Si alguna vez me quisiste, mátame. No me dejes en el
limbo de lo ignorado apestando mi propia memoria, ensalivando iracunda tu oído con mi nombre convertido en arcano,
arañando tu cuello con mi sombra porque ¿quién te dijo que la espalda es una
lápida? Mejor mátanos de una vez en una
hoguera para consumar la llaga, porque somos estúpidos y queremos morderle los
huesitos al tiempo para sentir que hoy también sabe a otro día. A mí, antes que odio, me da no sabes cuánta tristeza
el tener que recogerme los pedacitos de sangre con las manos, porque adentro
llevo una vida de cristal y para no cortarme el corazón me siento en la noche a
escribir el saldo negro de mis fracturas. Mátame para hacerte homenaje y
brindar en los cuellos de las vírgenes que inmolaste en la arena de mi
cuerpo, ésas que llamas cicatrices. Entonces serás grande y la gente lamerá tu
sonrisa perenne con avidez porque en la vida nadie es tan feliz.
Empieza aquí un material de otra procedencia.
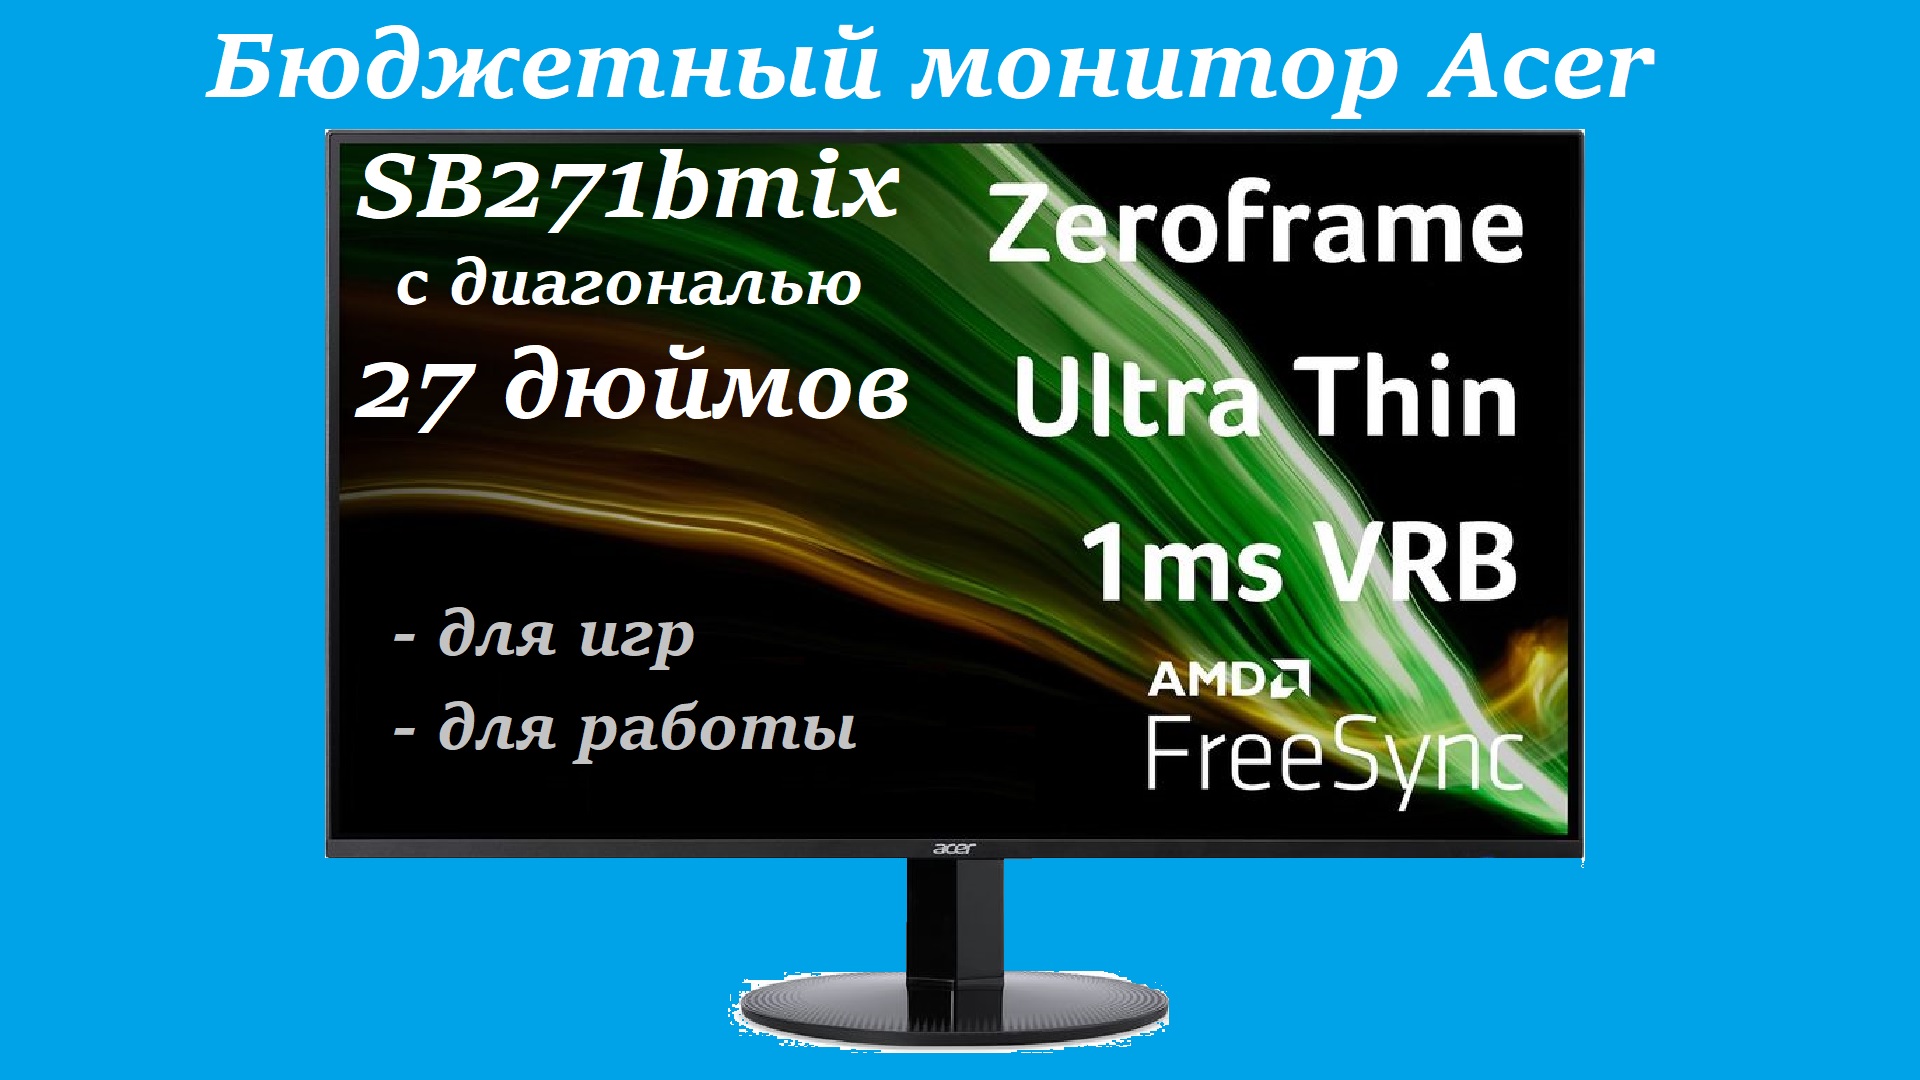 Бюджетный монитор Acer SB271bmix с диагональю 27 дюймов. Обзор

Mátame para
llenarme los ojos de humedad caliente y dulce, para limpiarme la sal que fuiste juntando y sanar
las heridas del viento. Mátame para ser una palabra que de pronto pulse
en tu labio o en la punta de tu dedo. Mátame, hasta en un poema pendejo que
hable de ausencias, olvido y de todo lo que dicen que está hecho el amor. Si
me quisiste no me pidas que no me muera para seguir tocando tu pared con mi
alma enflaquecida o zumbando con mi voz de desierto. ¿Para qué? Deberías
matarme cuando limpies las colillas de los cigarros que has dejado en el
patio. Entonces, terrible prodigio, resucitaré
de las cenizas que quedaron en tus dientes cuando beses a la ninfa con aroma a laurel.